Research on immunotherapies against cancer dates back over a century ago, when Paul Ehrlich hypothesized that tumor cells could be controlled using the immune system. Since then, our knowledge of the human immune system has steadily increased. We have discovered the enormous potential of monoclonal antibodies (mAb), developed cancer vaccines and CAR-T cell Therapies.
The 2018 Nobel Prize in Physiology or Medicine that was awarded to two researchers working on immune checkpoint inhibitors CTLA-4 and PD-1, seems to mark the beginning of a new era. It is an era, in which we are closer to defeating cancer than we have ever been before, and although there is still a long way to go from where we are now, the immuno-oncology field is brimful with potential.
The importance of full human immune system mouse models
For centuries, mouse models have allowed researchers to test the impact, efficacy and toxicity of novel drug candidates. But the benefits of using mouse models in the field of immuno-oncology only surfaced with the reconstitution of the full human immune system mouse (hu-mouse) with a fully functional set of human immune cells which enabled researchers to study the interaction of the human immune system with human tumor cells.
There are two ways of generating hu-mouse models: First, “transient” engraftment of mice with adult peripheral blood mononuclear cells (PBMCs), and second, engraftment with human hematopoietic stem cells from cord blood.
“In order to see the impact of a drug in preclinical immuno-oncology studies, researchers have often injected PBMCs into immunodeficient animals,” explains Sebastien Tabruyn, Chief Scientific Officer at TransCure bioServices. “But there is a huge disadvantage to that, because the engrafted PBMC’s will not only recognize and attack the tumor, but also attack all other cells in the host body and develop a reaction called Graft versus Host Disease (GvHD).”
This PBMC side-effect prevents researchers from observing a full natural immune response upon injection of the drug candidate, because cytokines and other inflammation markers are overexpressed in this model.
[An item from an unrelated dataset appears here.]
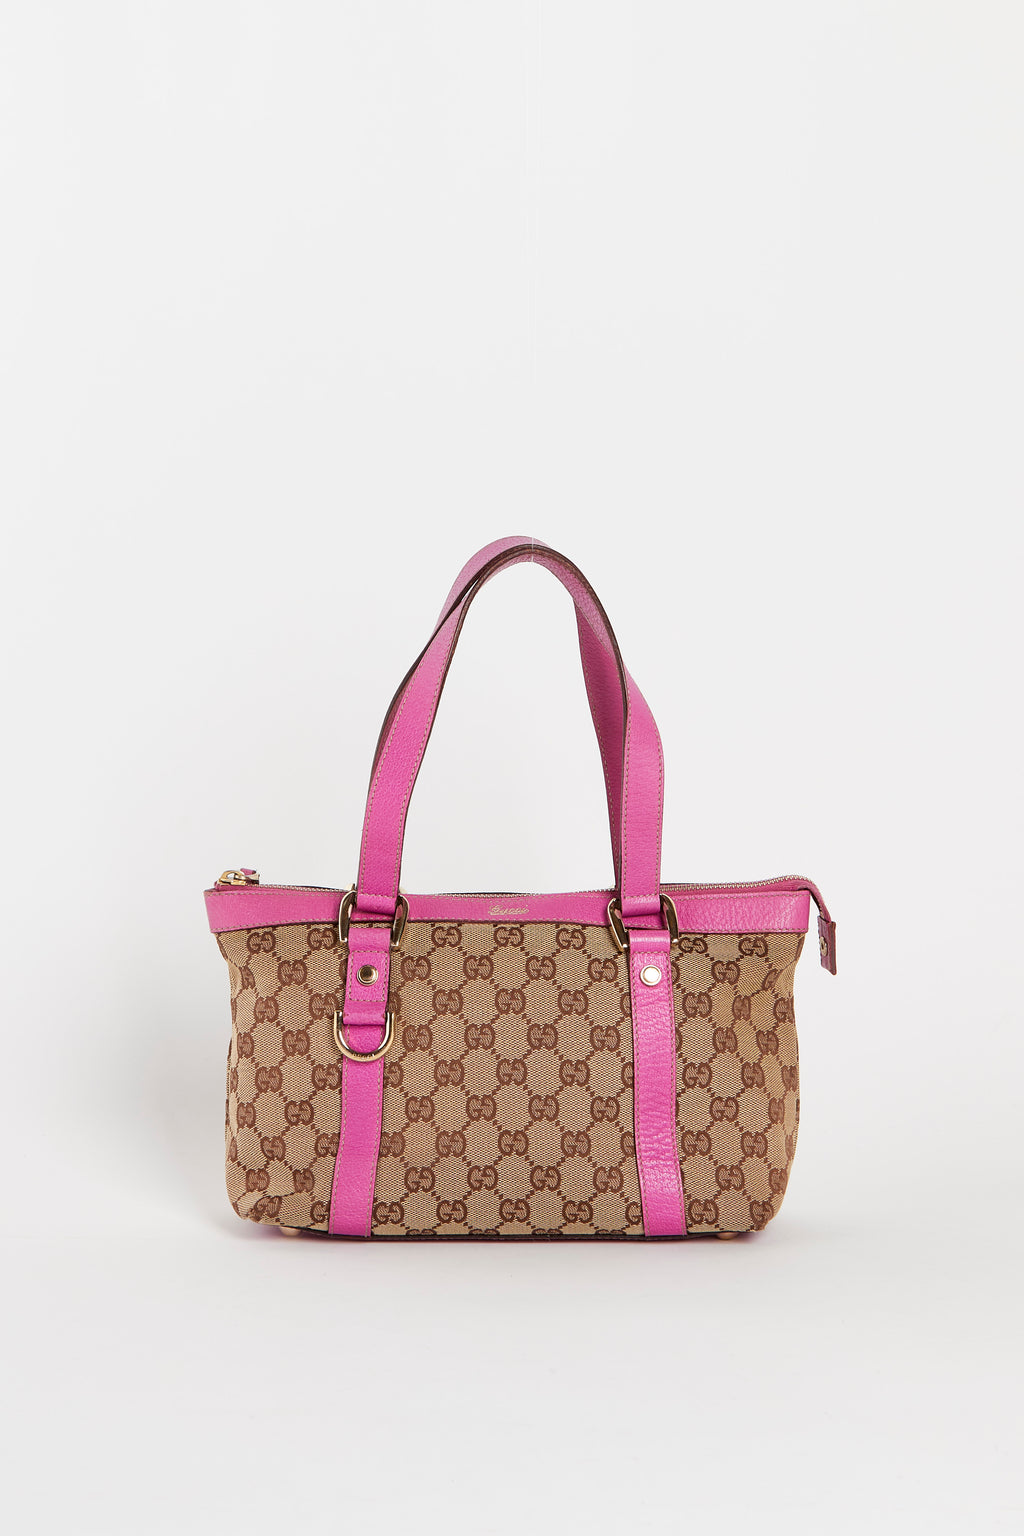 Vintage Gucci Pink Leather Small Shoulder Bag

Also, due to GvHD, the animals will die rapidly, which results in a very short study window and prevents the observation of long-term effects of the drug on the tumor, or even to develop model diseases like HIV, which would need at least a four to six month study period.
Generating a mouse with a fully functional human immune system
“The main challenge that researchers face in preclinical immuno-oncology research is to have human tumor cells in an environment that mimics the natural habitat, because, of course, the tumor cells interact with other cells in the body,” Tabruyn says. “These are very complex underlying mechanisms, and based on this observation it is important to have models that allow us to create a microenvironment which perfectly mimics human immune cell responses.”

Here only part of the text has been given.